I actually used the very same technique once to level an outdoor aquarium in the garden on a concrete brick wall but did it the other way around. I drilled holes in the non-level concrete surface screwed bolts in. In the same pattern as in the picture above. Then put the level on the bold heads and levelled them to each other. Obviously, the bolds are sticking out from the concrete, I did put a washer on the bolt resting on the concrete then measured the distance between washer and bolt head. Then did cut a piece of 15mm metal tube to fit in between. Screwed the bolts out again, put the tube over it each bolt its own propper length and screwed them back in again.  The piece of metal tube and the washer under it supports the bolt preventing it from pressing further in under the weight from the tank. Also, this aquarium stands already quite some years in the garden on these upside-down levelling feet.
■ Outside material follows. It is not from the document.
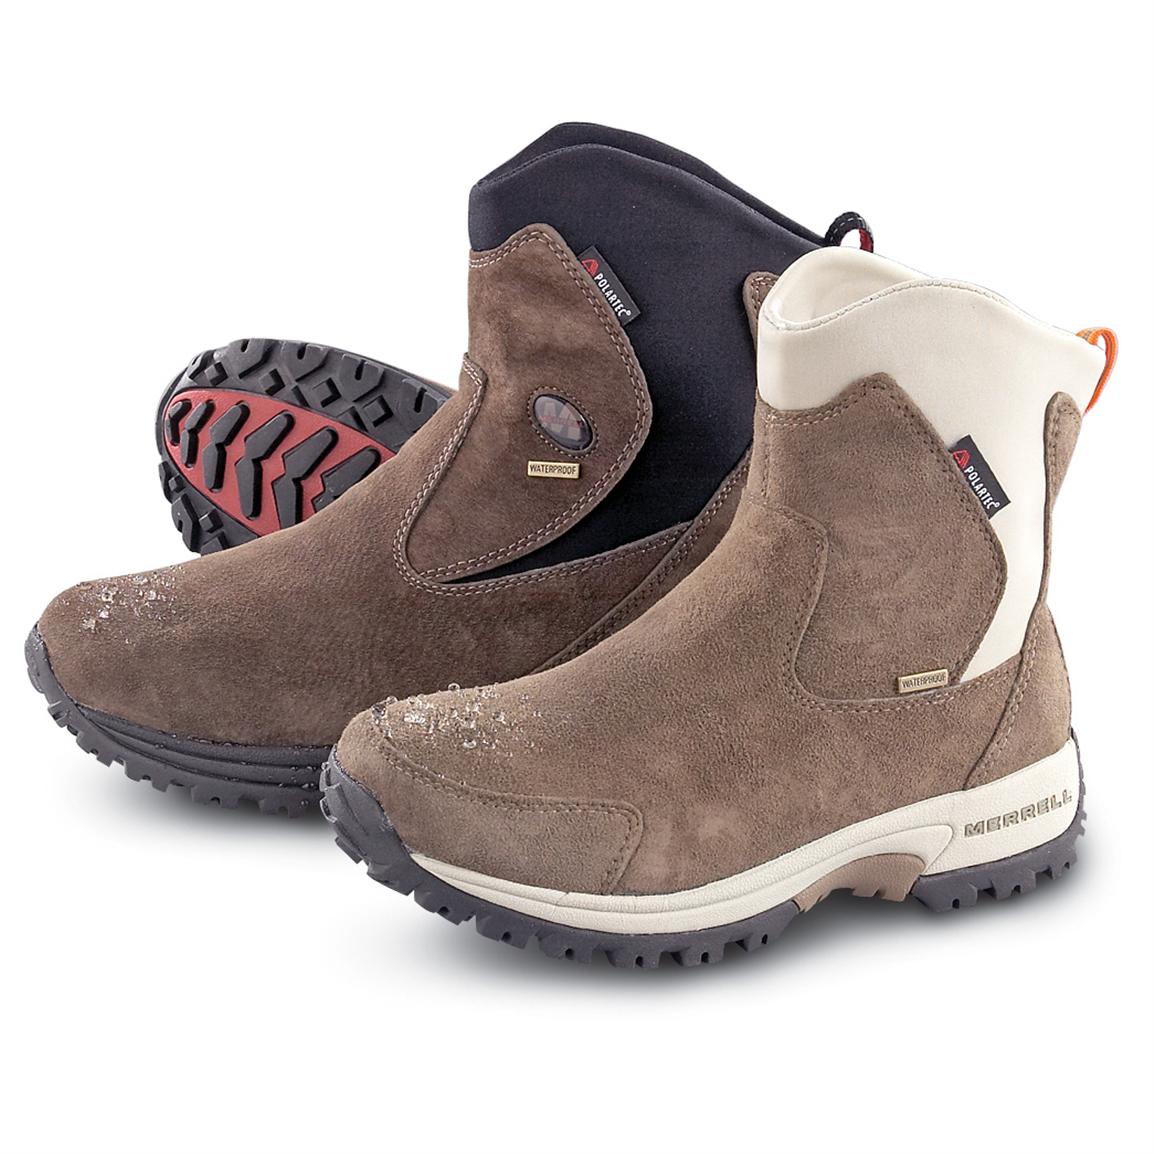 merrell thinsulate boots

It's the exact same thing as levelling feet in the board, but then they are screwed in the floor instead. 




Lets Level forever!... In any way possible...


----------



## Andy Pierce (28 Feb 2022)

NatalieHurrell said:


> Thank you.  Cabinet is well built and level, so will try a test fill and see what happens.  Only just put carpet down, so my other half may strangle me if I cut a piece out of it!  Happy to put a sheet of thick marine ply down if needed though.


The tank will effectively destroy the carpet and underlay, so you could consider cutting out a suitable rectangle to sit the cabinet directly on the cement if you're sure you won't be relocating the tank.  When you sell the house you'll need to have that room recarpeted in any event.


----------



## NatalieHurrell (7 Mar 2022)

After all that, I filled the tank and it's pretty much spot on level all round!


----------



## NatalieHurrell (7 Mar 2022)

Andy Pierce said:


> The tank will effectively destroy the carpet and underlay, so you could consider cutting out a suitable rectangle to sit the cabinet directly on the cement if you're sure you won't be relocating the tank.  When you sell the house you'll need to have that room recarpeted in any event.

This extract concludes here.